In the "Kubernetes Prometheus And Grafana With kube-prometheus-stack" post we see how to easily deploy and setup these three amazing components to setup a full featured alerting and performance monitoring solution.

The post also shows how to deploy additional Grafana Dashboards and how to deploy custom Prometheus rules to trigger application specific alerts.

What Is kube-prometheus-stack

The kube-prometheus-stack is not just an easy way not only to deploy Prometheus, Prometheus' Alertmanager and Grafana on Kubernetes: it also provides a collection of Kubernetes manifests, Grafana dashboards, and Prometheus Rules enabling to easily operate end-to-end Kubernetes cluster monitoring with Prometheus using the Prometheus Operator.

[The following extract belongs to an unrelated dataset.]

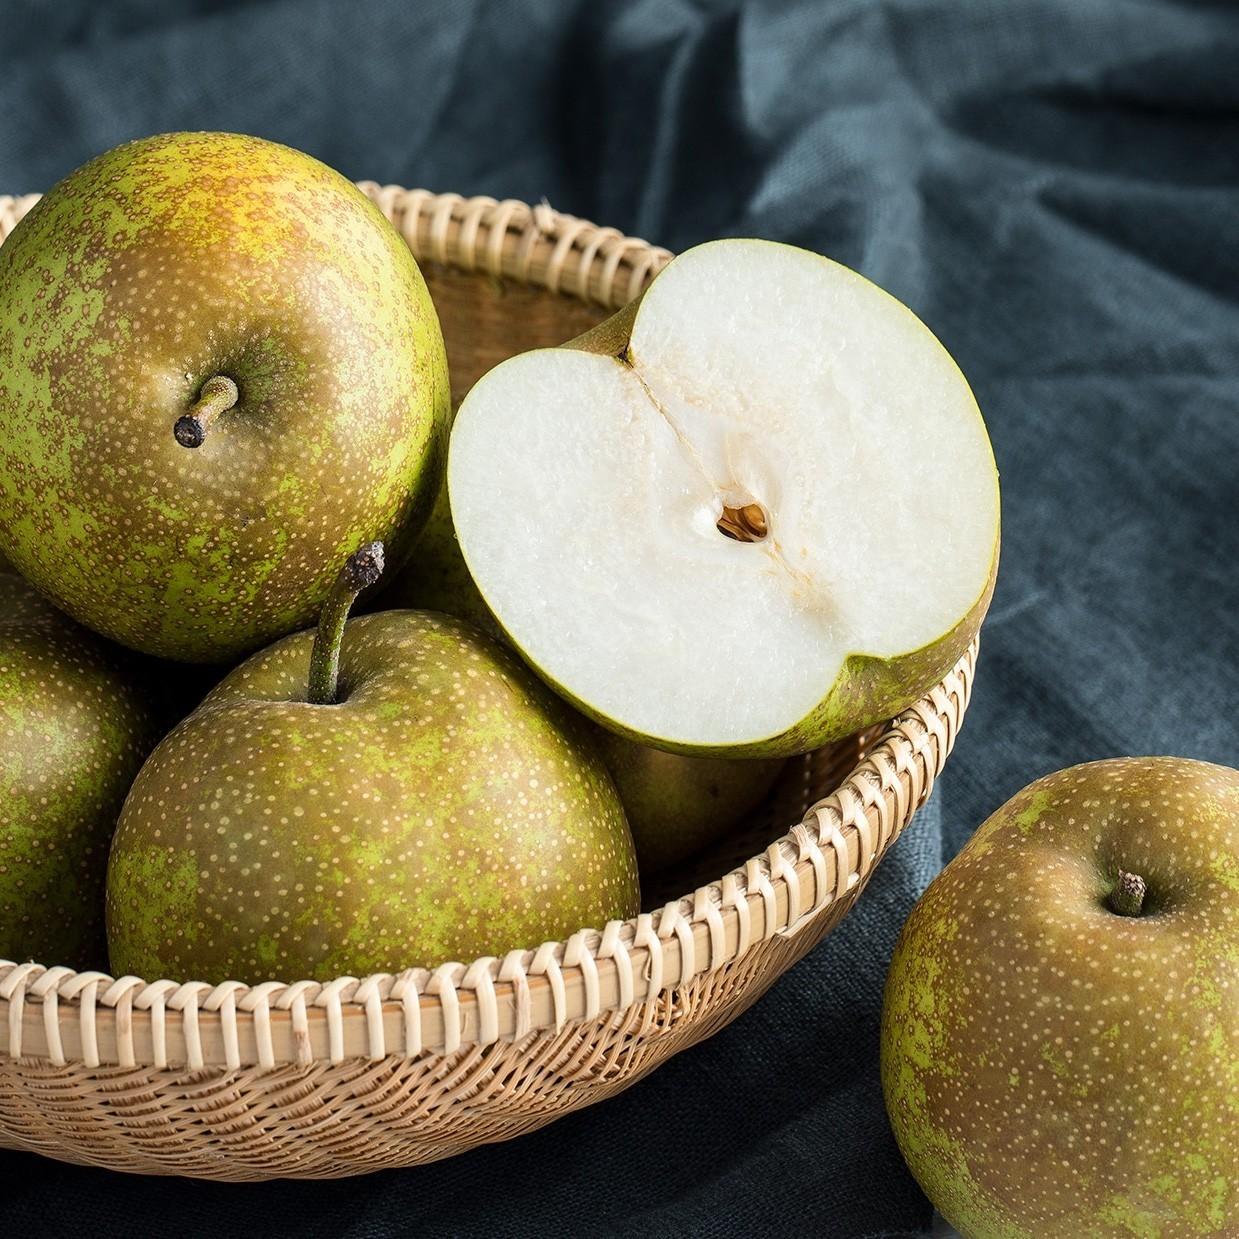 一年只有28天能吃到的焦溪蜜梨,好甜啊!

Luckily, they also provide an Helm chart to easily deploy it - please mind it has a dependency on the Grafana Helm chart.

Configure Helm

In this post I'm showing how to deal with this using the "helm" command line utility, but the same procedure can be used also with tools (such as Rancher), providing Helm's features through a UI.

In a clean and tidy setup, it's best to have a directory dedicated to the Helm's values files for each distinct deployment - just create the directory as follows:

mkdir ~/deployments

The purpose is having a common place where to store the values files for each single instance we deploy, so to easily deploy them again is necessary later on, for example to upgrade the containers, to apply the enhancement of an upgraded Helm chart or even just to change some settings.

Although this is not necessary for running Helm, it is wise to create a git repository within the "~/deployments" directory, so to be able to easily rollback configuration changes if anything would go wrong.

cd ~/deployments; git init

And of course configure it to push the commits to a remote repository. For more information on how to professionally operate with Git, you may want to read my post "GIT Tutorial - A thorough Version Control with Git Howto".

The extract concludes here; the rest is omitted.